Broccoli Fusion Pancake

Years ago broccoli was a rather unknown vegetable on the Indian table. We Indians know all about the sister counterpart of broccoli, that is the cauliflower, more popularly known as gobi. Every region of India has its own tasty version of gobi, with gobi aloo heading the list. Imagine eating gobi aloo accompanied by a hot elaichi-flavoured moong dal khichdi, washed down with a glass of chilled lassi. Hmmmm, comfort food at its best.

The advent of broccoli in India is quite recent, though India is among the top producers of the vegetable. Its popularity is more in the Chinese food world. This lovely emerald green vegetable is a storehouse of nutrients and is a great antioxidant too. It also does not require too much cooking. Having it sautéed with garlic and seasoning, accompanied by steamed rice, makes for a very healthy and tasty dish.

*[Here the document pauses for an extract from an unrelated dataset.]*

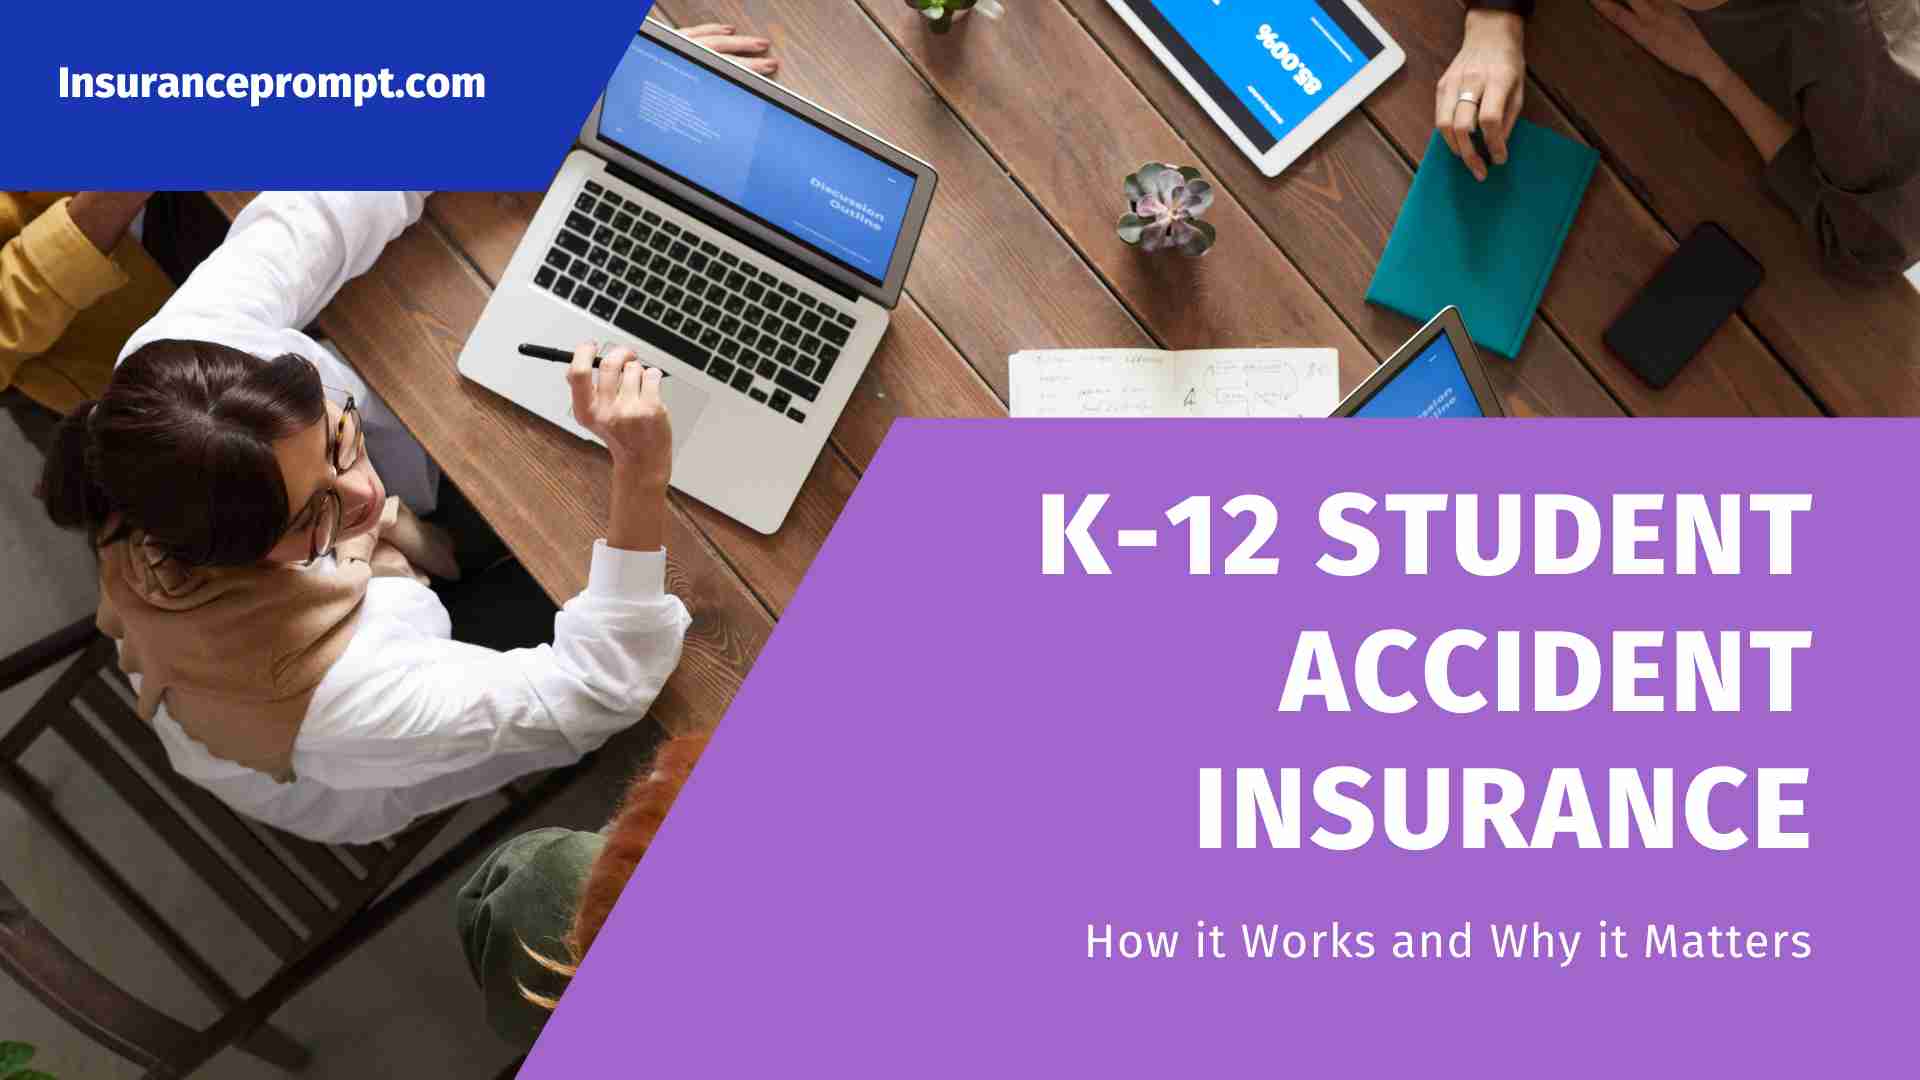 K-12 Student Accident Insurance: How it Works and Why it Matters

This vegetable is also very versatile and can blend with other vegetables such as mushrooms, tofu, and young baby corn. It is also very delicious with a cheddar cheese sauce poured over it and gratinated until golden. I have used broccoli in various ways at home, right from a broccoli tikki up to a broccoli pancake. Today I will share with you a very simple pancake made with semolina and broccoli. This pancake is a great evening snack, or it can even be had for breakfast. It is made in a jiffy and can be prepared beforehand and reheated before serving. I normally serve this with a coconut chutney. Do try it.


Broccoli Pancake

For the Pancakes

  • 1 cup sooji (semolina)
  • 1 cup sour curd (yogurt)
  • 1 cup cold water
  • 1 tsp Eno fruit salt

Method

  • Mix together the sooji, yogurt, and cold water till smooth. Keep aside for half an hour.
  • Mix it gently once again and add more water if it is too dry.
  • Now add the broccoli mixture and mix gently. The consistency should be medium, not watery.
  • Finally, add the Eno and pour 1 tbsp of water over it. It will froth immediately. Mix gently.
  • Drop spoonfuls of this batter onto a greased non-stick pan. When lightly browned on the underside, flip to cook on the other side. Pour a little oil while cooking on both sides.
  • You should get a pancake which is crisp on the outside and soft inside.
  • Serve hot with coconut chutney.

For the Broccoli Mixture

  • 1 cup finely chopped broccoli
  • 1 tsp cumin seeds
  • 1 tsp mustard seeds
  • 10 finely chopped curry leaves
  • 2 or 3 green chillies, sliced into thin rings
  • Salt to taste

Method

  • Heat 1 tbsp oil in a pan. Add the mustard seeds followed by the cumin seeds.
  • Add the green chillies and broccoli and sauté for about 5 minutes.
  • Add salt to taste, remove from heat, cool, and add this mixture to the sooji batter.